** Opening RECORDED DATA block **

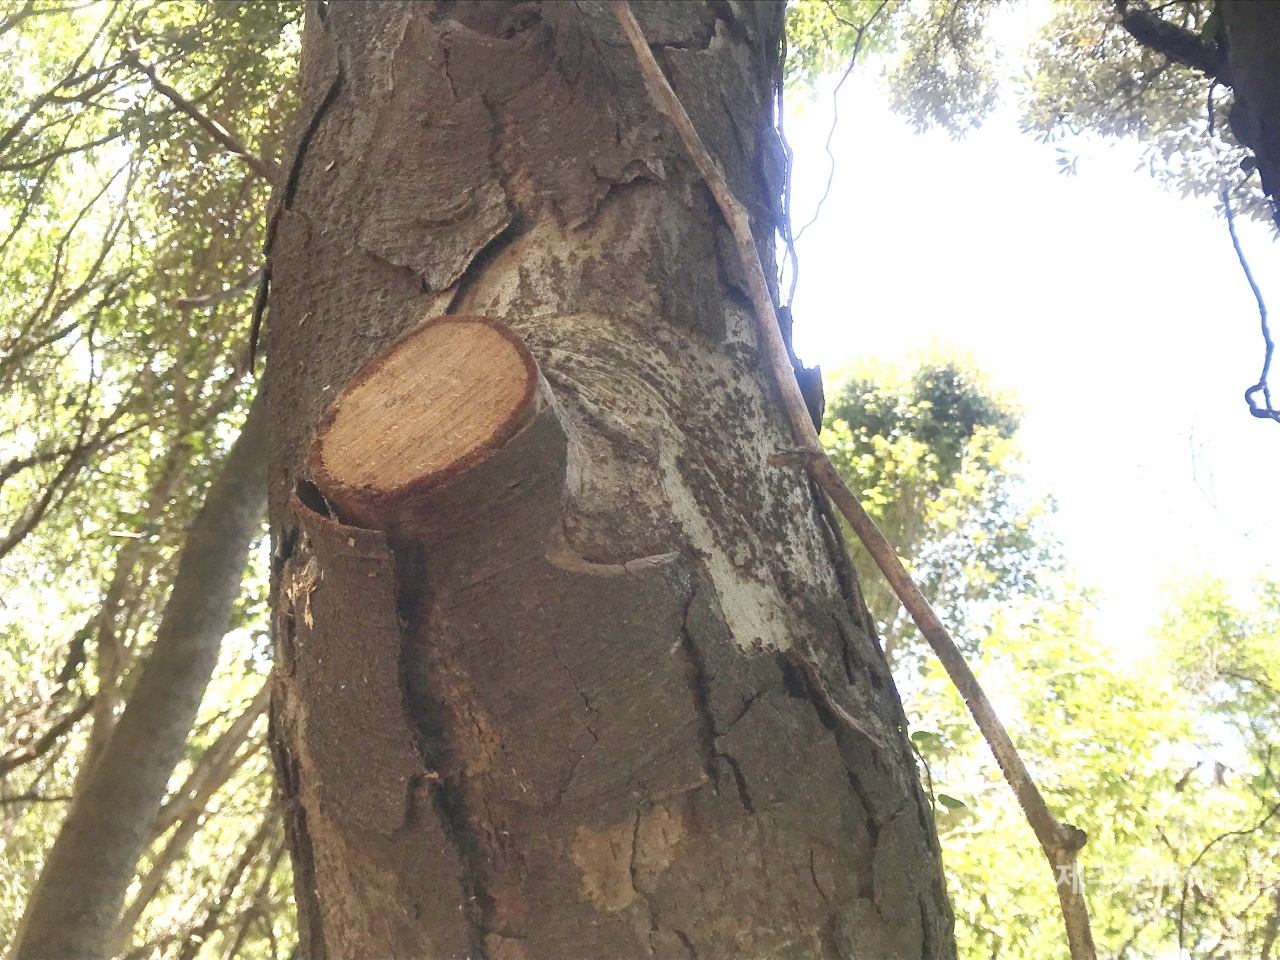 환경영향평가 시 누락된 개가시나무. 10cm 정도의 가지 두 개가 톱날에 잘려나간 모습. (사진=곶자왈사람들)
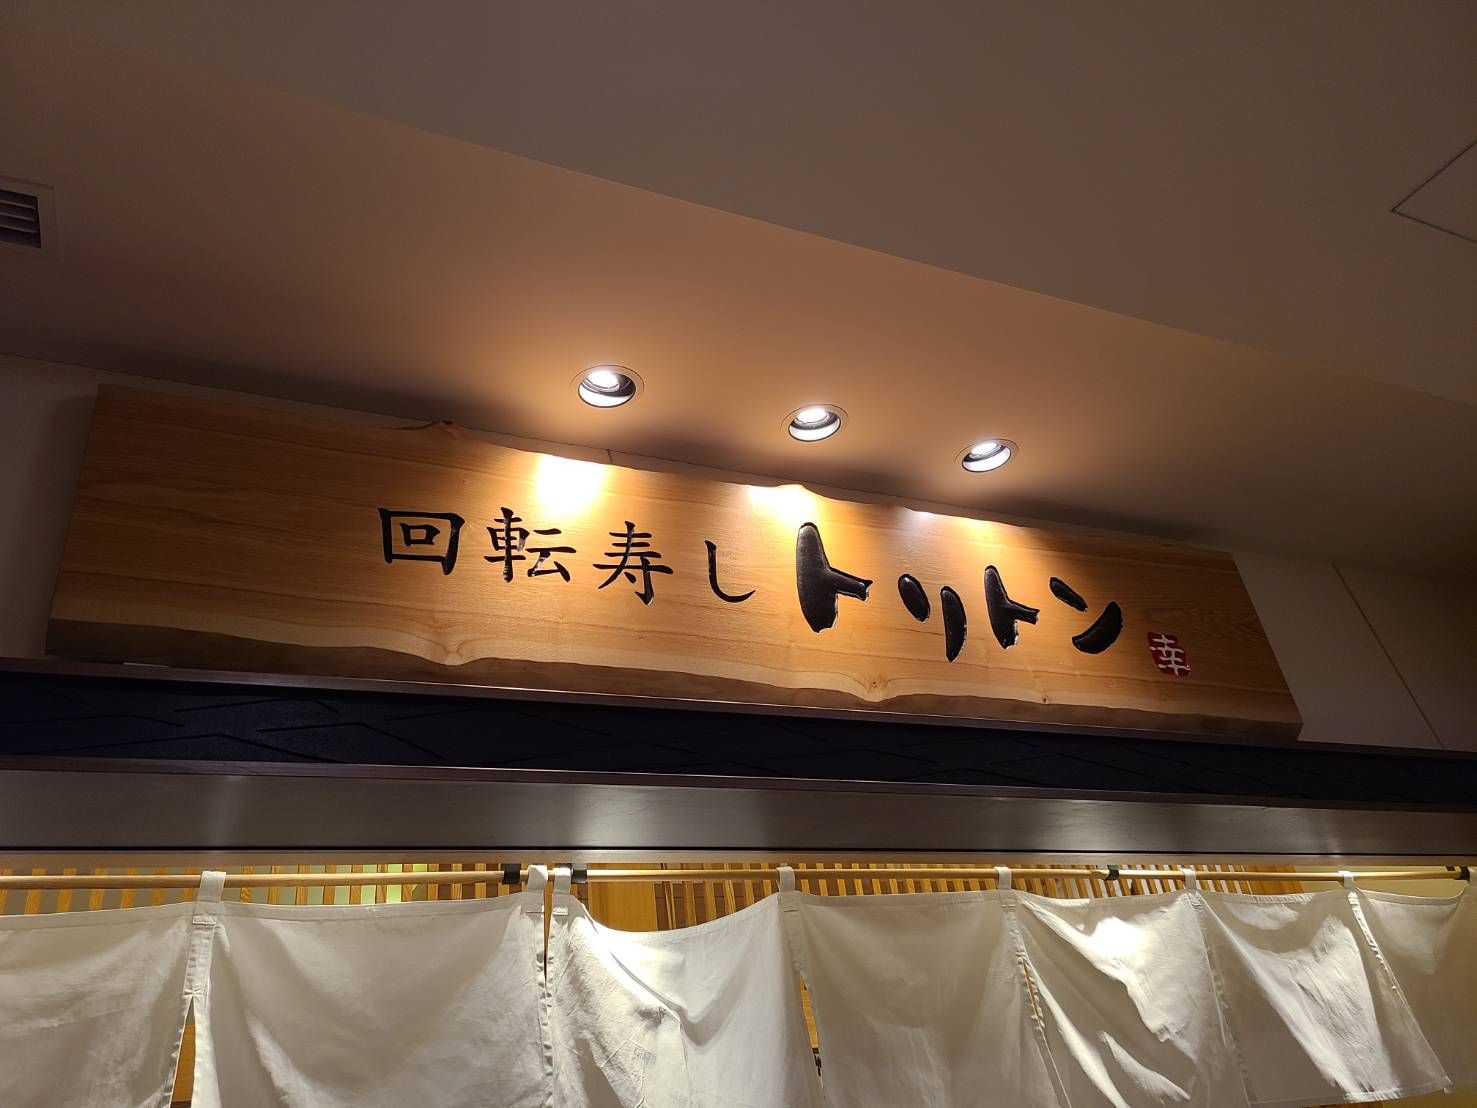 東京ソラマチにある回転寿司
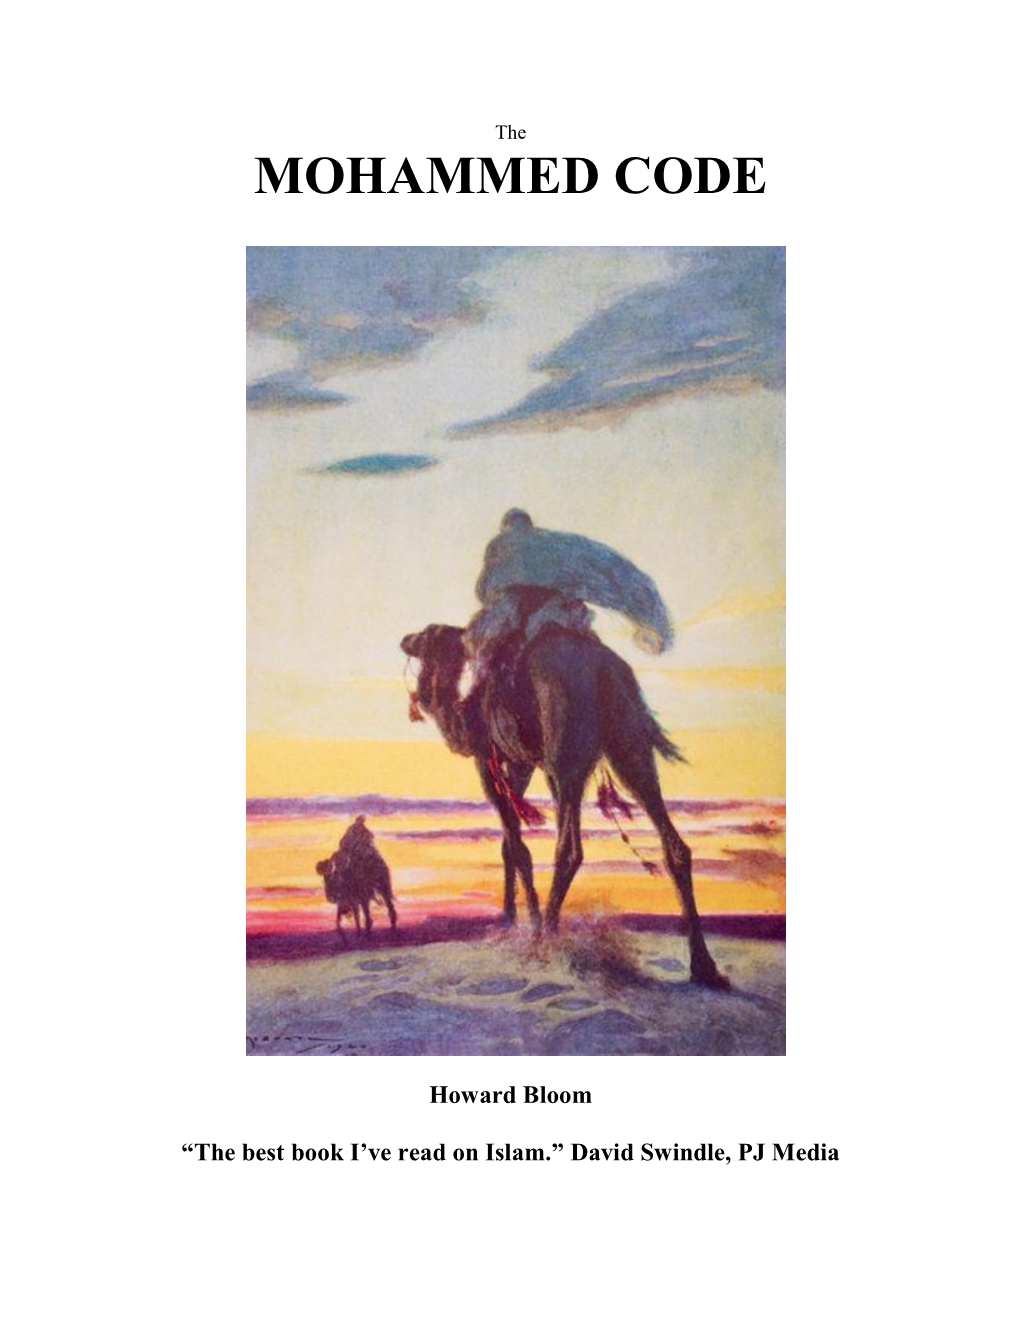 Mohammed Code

** Closing RECORDED DATA block **

TASK INSTRUCTIONS >> From the first line to the last, transcribe the listing exactly; skip the pictures.

SOLUTION >>
 환경영향평가 시 누락된 개가시나무. 10cm 정도의 가지 두 개가 톱날에 잘려나간 모습. (사진=곶자왈사람들)
 東京ソラマチにある回転寿司
 Mohammed Code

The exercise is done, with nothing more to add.